One of the reasons I become angry at the Religious Right dominionists who want to establish a government under the "dominion" and laws of their god, is that they would take us back to the dark ages, when life was ruled by magic and incense and the ever-changing demands of the deity as interpreted by the "priests." And Religious Right leaders continually preach that humans don't and can't make a difference, because God has everything planned out. Don't worry about the Earth, the Rapture is nigh! Take no thought for tomorrow, Armageddon is upon us.

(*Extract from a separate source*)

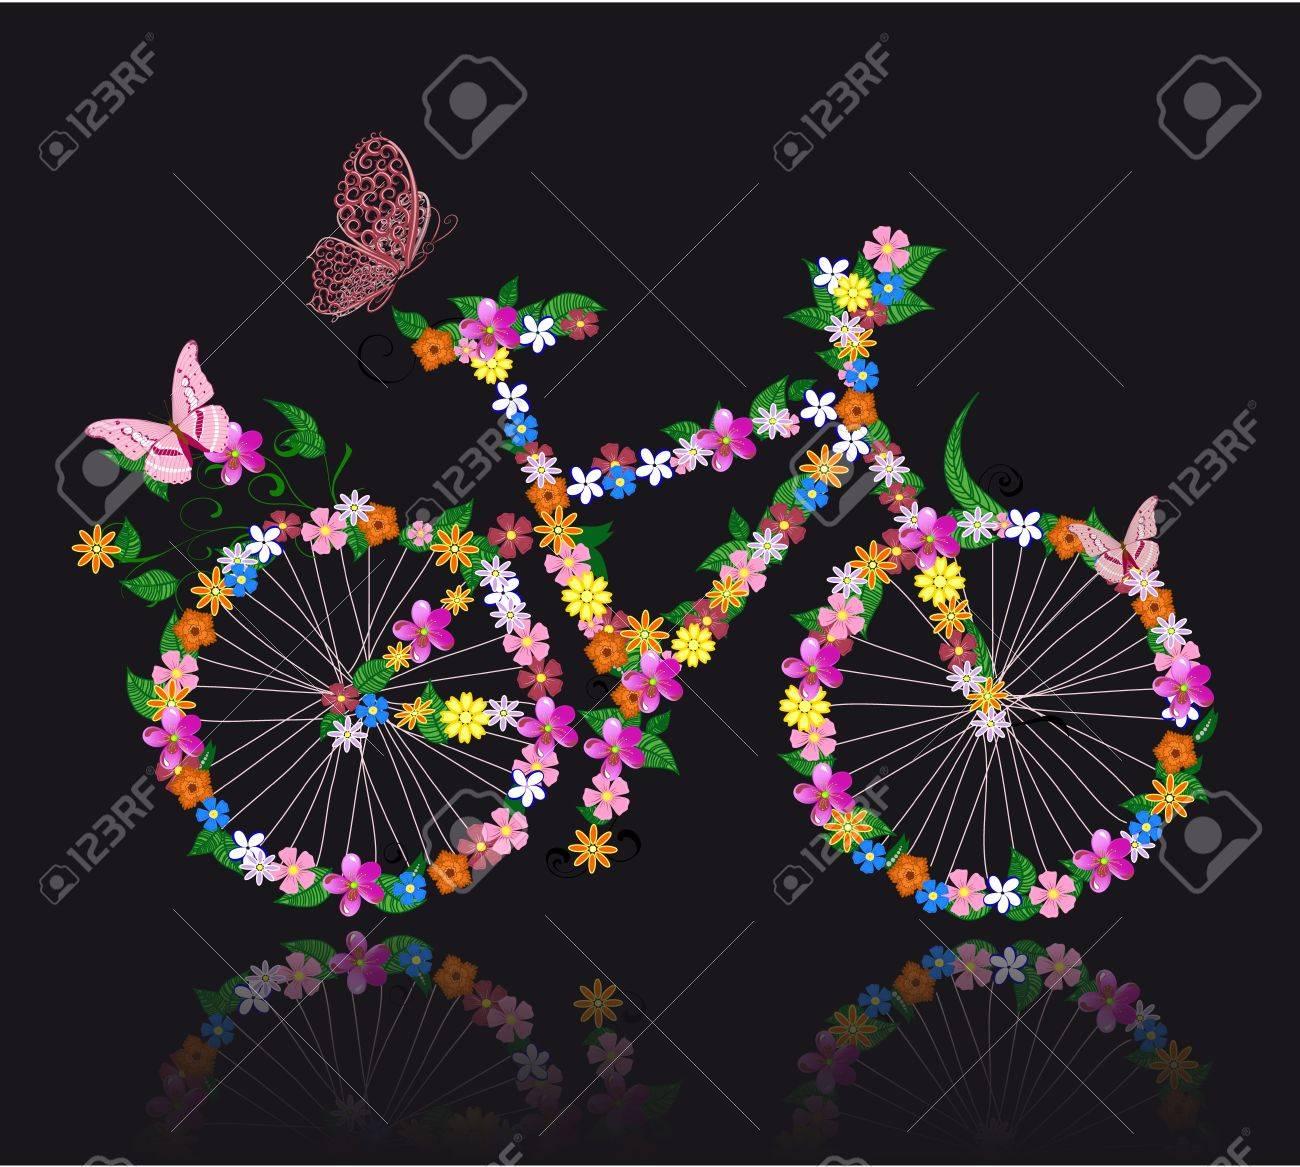 bike with flowers - 10531915

But the United States was founded by people using an open source system. In that sense, unknowingly perhaps, our founders fulfilled the best traditions of Judaism. They collaborated, gathering together to smash numerous idols as they left behind prevailing myths of church and state and ignored the whims of the gods while at the same time relying on the wisdom of the ages to write their own laws without reference to either god or religion, believing that human beings can indeed make a difference. That fact was the building block of new national experiment.
It is my opinion that only by continuing in the "open source" tradition will we have a chance of survival in the modern world. The answers to the problems we face in the 21st century are not be found in ancient books or religious dogma, but in and through our collaboration with one another, our commitment to one another, our willingness to smash the idols of prevailing belief or practice, and our determination to rewrite our laws according to our needs, all the while believing in the value of human life and that human beings can make a difference.
1 comment:
Judaism is the religion of Jews with religion. As such it is subject to five recognized major denominations, (Yes, five) in the USA and probably Canada. Most of the world, at least those in which there are some Jews left, are usually officially connected to some form of orthodox Judaism. Reform and Conservative are primarily practiced in the USA.
It is estimated that between 50 and 65% of those calling themselves Jews are unaffiliated with organized religion! The majorities of Jews, worldwide, practices no religion or are unaffiliated with any Temple or Synagogue.
When talking of Jews, I think it is a good idea to specify which definition of Jew or Jewish one means. Most anti Semites do not care what belief a Jew has. They just do not like Jews. I think a great deal of anti Semitism is not connected to religion at all. Of the six million rounded up and shipped off to death camps, no one asked about belief or membership in any organized aspect of the religion. It was based on the degree of Jewish blood one had. It is still true of the public perception of Jews. The Jews of Israel are not all religious but Israel is vilified because it is a Jewish state. It is apparent that Jews are thought of as a people or race apart from the rest of humanity. Jews are treated as if all shared some characteristics that set them apart from all others. In some cases the characteristics are complimentary and others are derogative but few bother to explain what they mean when they say “ Jews are…”. Religion is not a factor obviously.